These and other objects, features, and advantages of the present invention will become more fully apparent from the following description and appended claims, or may be learned by the practice of the invention as set forth hereinafter.
In order to more fully understand the manner in which the above-recited and other advantages and objects of the invention are obtained, a more particular description of the invention will be rendered by reference to specific embodiments thereof which are illustrated in the appended drawings. Understanding that these drawings depict only typical embodiments of the invention and are not therefore to be construed as limiting its scope, the invention in its presently understood best mode for making and using the same will be described and explained with additional specificity and detail through the use of the accompanying drawings in which:
FIG. 1 is a side view of a typical nail gun showing the inventive nail guide mounted thereto;
FIG. 2 is a cross sectional view of the nail guide mechanism showing the orientation of the mounting bracket and guide portion with respect to the nail gun;
FIG. 3 is longitudinal cross section view of the guide portion showing the pre-compressed spring and biased arm arrangement;
FIG. 4A is a view of the mounting bracket;
FIG. 4B is a longitudinal cross sectional view of the mounting bracket taken along line 4B in FIG. 4A;
FIG. 4C is a view of the mounting bracket taken along lines 4C in FIG. 4A;
FIG. 5A is a view looking into the nose of the nail gun, and showing the nail guide mounted thereto;
FIG. 5B is a front view of the nail guide, with the nose of the nail gun removed for clarity; and
FIG. 6 is a cross sectional view of the nail guide showing the nail guide and pilot cooperating to ensure the nail orientation in a selected hole.

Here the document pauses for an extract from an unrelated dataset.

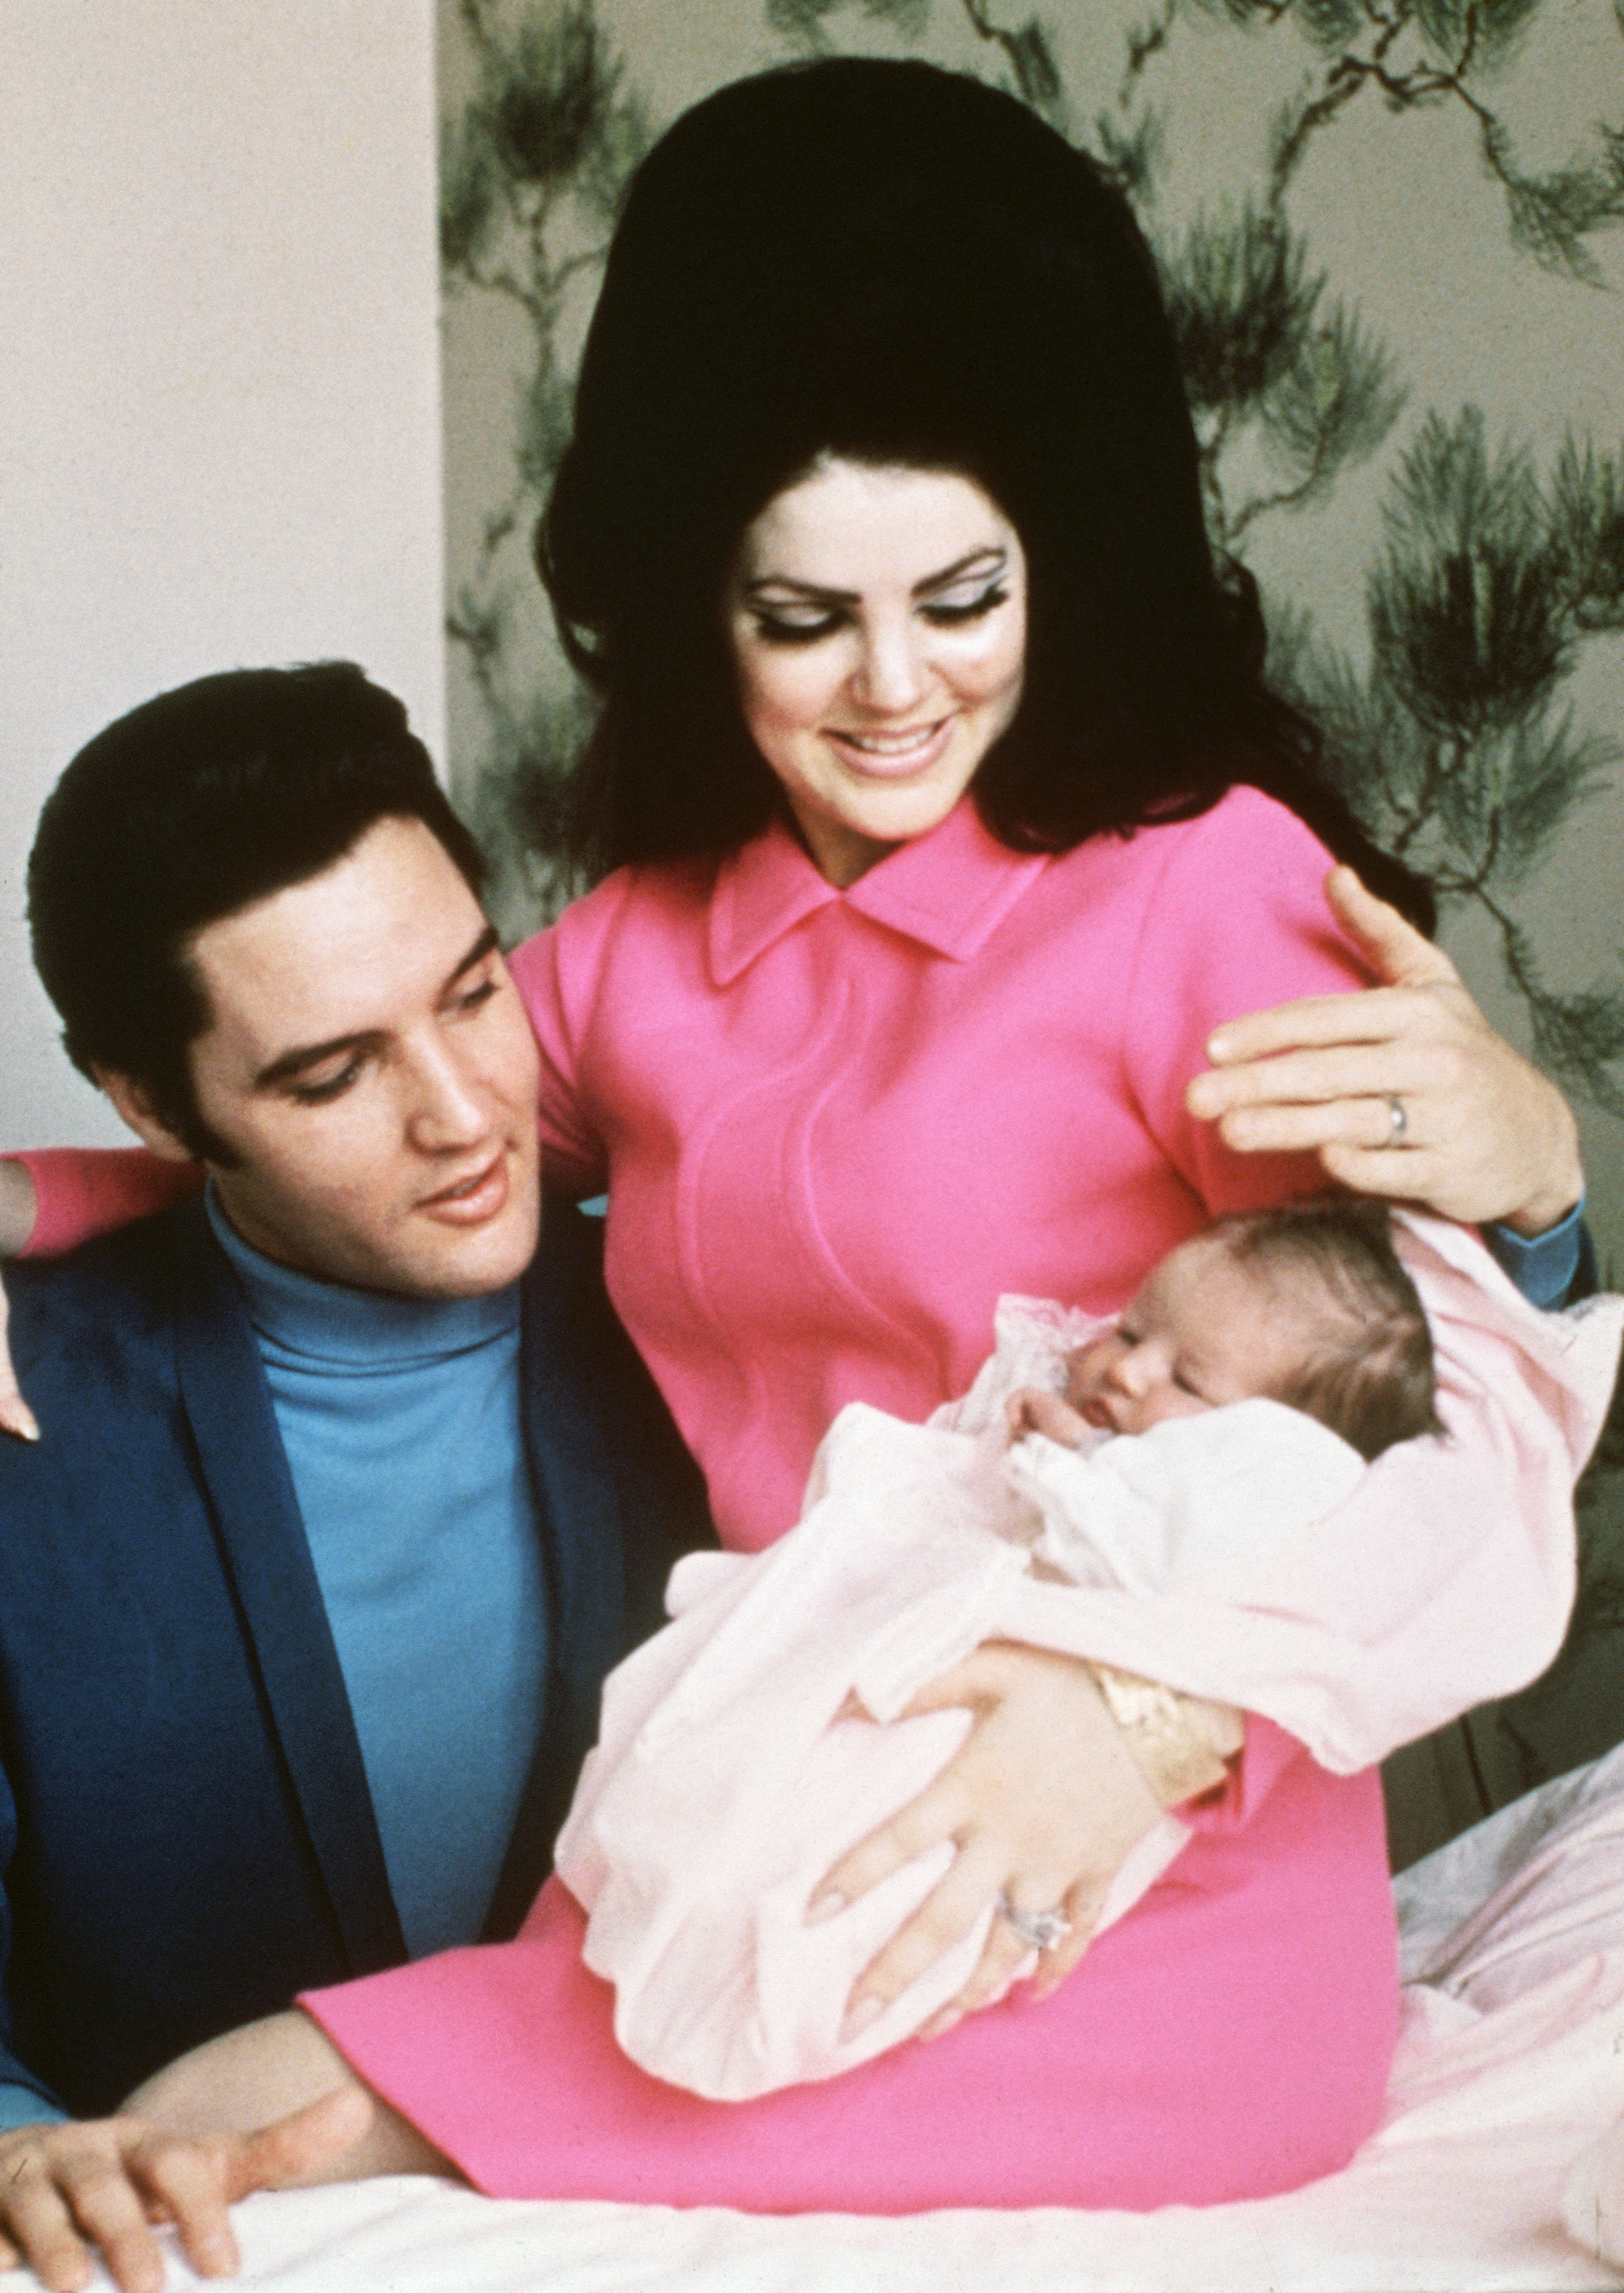 Elvis Presley pictured with his wife Priscilla as they prepared to leave hospital with their daughter, Lisa Marie in 1968.

FIG. 7A is a cross sectional view of an alternative embodiment of the present invention with the mounting bracket integral with the guiding mechanism.
FIG. 7B is a view of the alternative embodiment depicted in FIG. 7A viewed from a different angle.
The present invention relates to an improved nail guide mechanism for nail guns. FIGS. 1 through 6 show a guide mechanism according to one preferred embodiment of the present invention. It is to be understood that the drawings are diagrammatic and schematic representations of presently preferred embodiments of the invention, and are not to be construed as limiting the present invention. Finally, it should be understood that the drawings are not necessarily drawn to scale.
With reference to FIG. 1, the nail gun or fastener driver is indicated generally as 100. Nail gun 100 is comprised generally of generally of body 101 including nose portion 103 and receptacle 108. Nail gun 100 is connected to a power source 102 such as compressed air, electrical power or the like; the power source is interlocked with gun trigger 104 and the drive mechanism 106. Often a safety mechanism is in communication with gun trigger 104 to prevent accidental activation. Generally, a user of nail gun 100 must depress the safety mechanism (not shown) in order to activate gun trigger 104. A plurality of nails or fasteners 114 is stored in receptacle 108. The operator selectively activates drive mechanism 106 by squeezing gun trigger 104; when gun trigger 104 is squeezed, power is applied to drive mechanism 106 that, in turn, drives a nail down channel 110, and through the nail gun guide mechanism, designated generally as 200.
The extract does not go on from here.